Jourjine, Nicholas et al. (2024). Data from: Two pup vocalization types are genetically and functionally separable in deer mice [Dataset]. Dryad. https://doi.org/10.5061/dryad.g79cnp5ts

Abstract

Vocalization is a widespread social behavior in vertebrates that can affect fitness in the wild. Although many vocal behaviors are highly conserved, heritable features of specific vocalization types can vary both within and between species, raising questions of why and how some vocal behaviors evolve. Here, using new computational tools to automatically detect and cluster vocalizations into distinct acoustic categories, we compare pup isolation calls across neonatal development in eight taxa of deer mice (genus Peromyscus) and compare them with laboratory mice (C57BL6/J strain) and free-living, wild house mice (Mus musculus domesticus). Whereas both Peromyscus and Mus pups produce ultrasonic vocalizations (USVs), Peromyscus pups also produce a second call type with acoustic features, temporal rhythms, and developmental trajectories that are distinct from those of USVs. In deer mice, these lower frequency “cries” are predominantly emitted in postnatal days one through nine, whereas USVs are primarily made after day 9. Using playback assays, we show that cries result in a more rapid approach by Peromyscus mothers than USVs, suggesting a role for cries in eliciting parental care early in neonatal development. Using a genetic cross between two sister species of deer mice exhibiting large, innate differences in the acoustic structure of cries and USVs, we find that variation in vocalization rate, duration, and pitch displays different degrees of genetic dominance and that cry and USV features can be uncoupled in second-generation hybrids. Taken together, this work shows that vocal behavior can evolve quickly between closely related rodent species in which vocalization types, likely serving distinct functions in communication, are controlled by distinct genetic loci.

README

Peromyscus pup vocal evolution Dataset


Versions

  • April 2024: file developmentMU.tar.gz reuploaded to resolve issue with original file

How to use

This dataset contains raw audio recordings and processed data used to perform analyses and generate figures from Jourjine et al. Current Biology 2023

The files are stored in compressed directories. To uncompress them, double click on them or run the following in the command line tar -xvf full/path/to/file.tar.gz

The contents of these directories are described below.
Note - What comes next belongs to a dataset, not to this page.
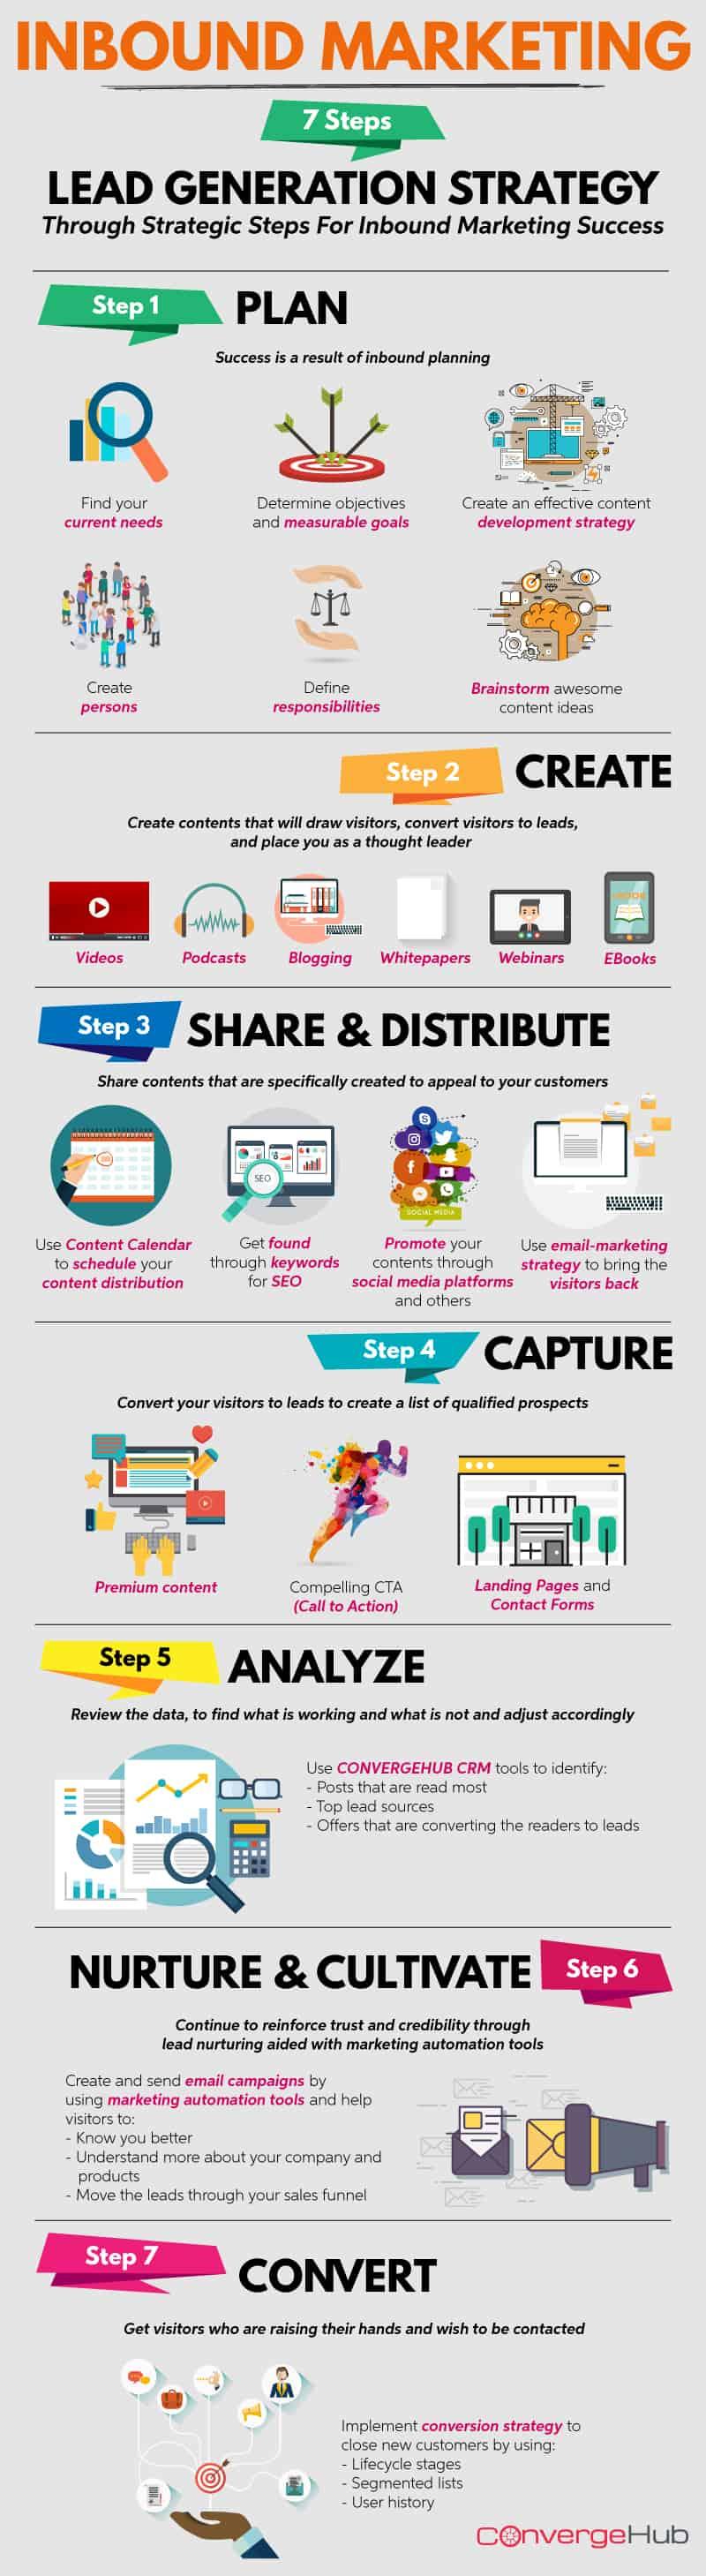 Lead Generation Through 7 Strategic Steps For Inbound Marketing Success
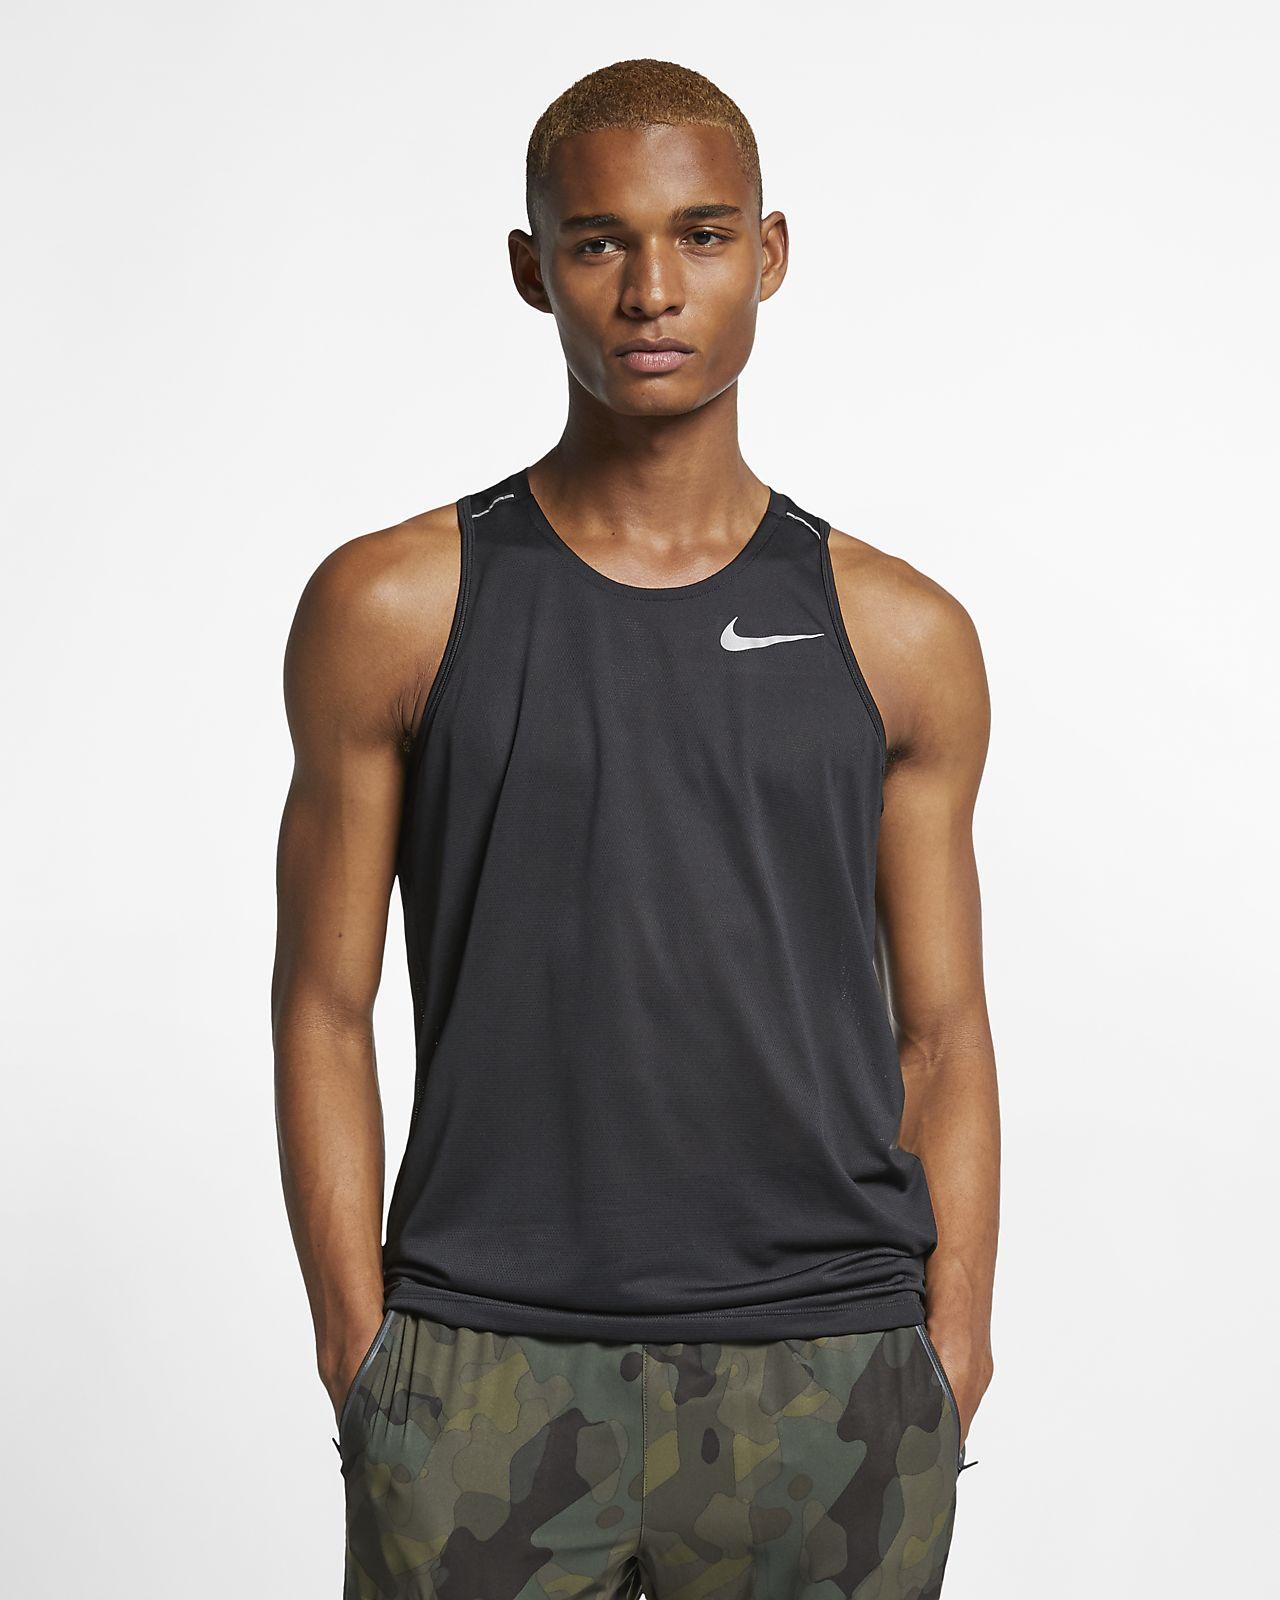 c971d3f4 Nike Dri-FIT Miler Men's Running Tank. Nike.com

Please see the github repository https://github.com/nickjourjine/peromyscus-pup-vocal-evolution for code and instructions about how to use them to reproduce analyses and figures.

Two-letter codes

We use the following two-letter codes as short hand to refer to each taxon we analyze:

code taxon
BW P. maniculatus bairdii
BK P. maniculatus gambelli
SW P. maniculatus rubidus
NB P. maniculatus nubiterrae
PO P. polionotus subgriseus
LO P. polionotus leucocephalus
GO P. gossypinus
LL P. leucopus
MU Mus musculus domesticus (C57BL6/J)
MZ Mus musculus domesticus (wild)

Audio datasets

There are four sets of recordings that constitute the raw data: development, cross foster, F1, and F2.
Because of file upload limitations, the development and F2 datasets are split into parts.
All of the directories with the pre-fix "bwpof2" belong to the F2 dataset (six directories, split into approximately 100 recordings per directory, one .wav file per recorded pup).
All of the directories with the pre-fix "development" belong to the development dataset (ten directories, one directory per taxon, one .wav file per recorded pup).
The easiest way to use the development and F2 datasets is to unzip each of these subdirectories and collect all of the .wav files for each dataset into its own directory (i.e., one for all of the development wav files and one for all of the F2 wav files).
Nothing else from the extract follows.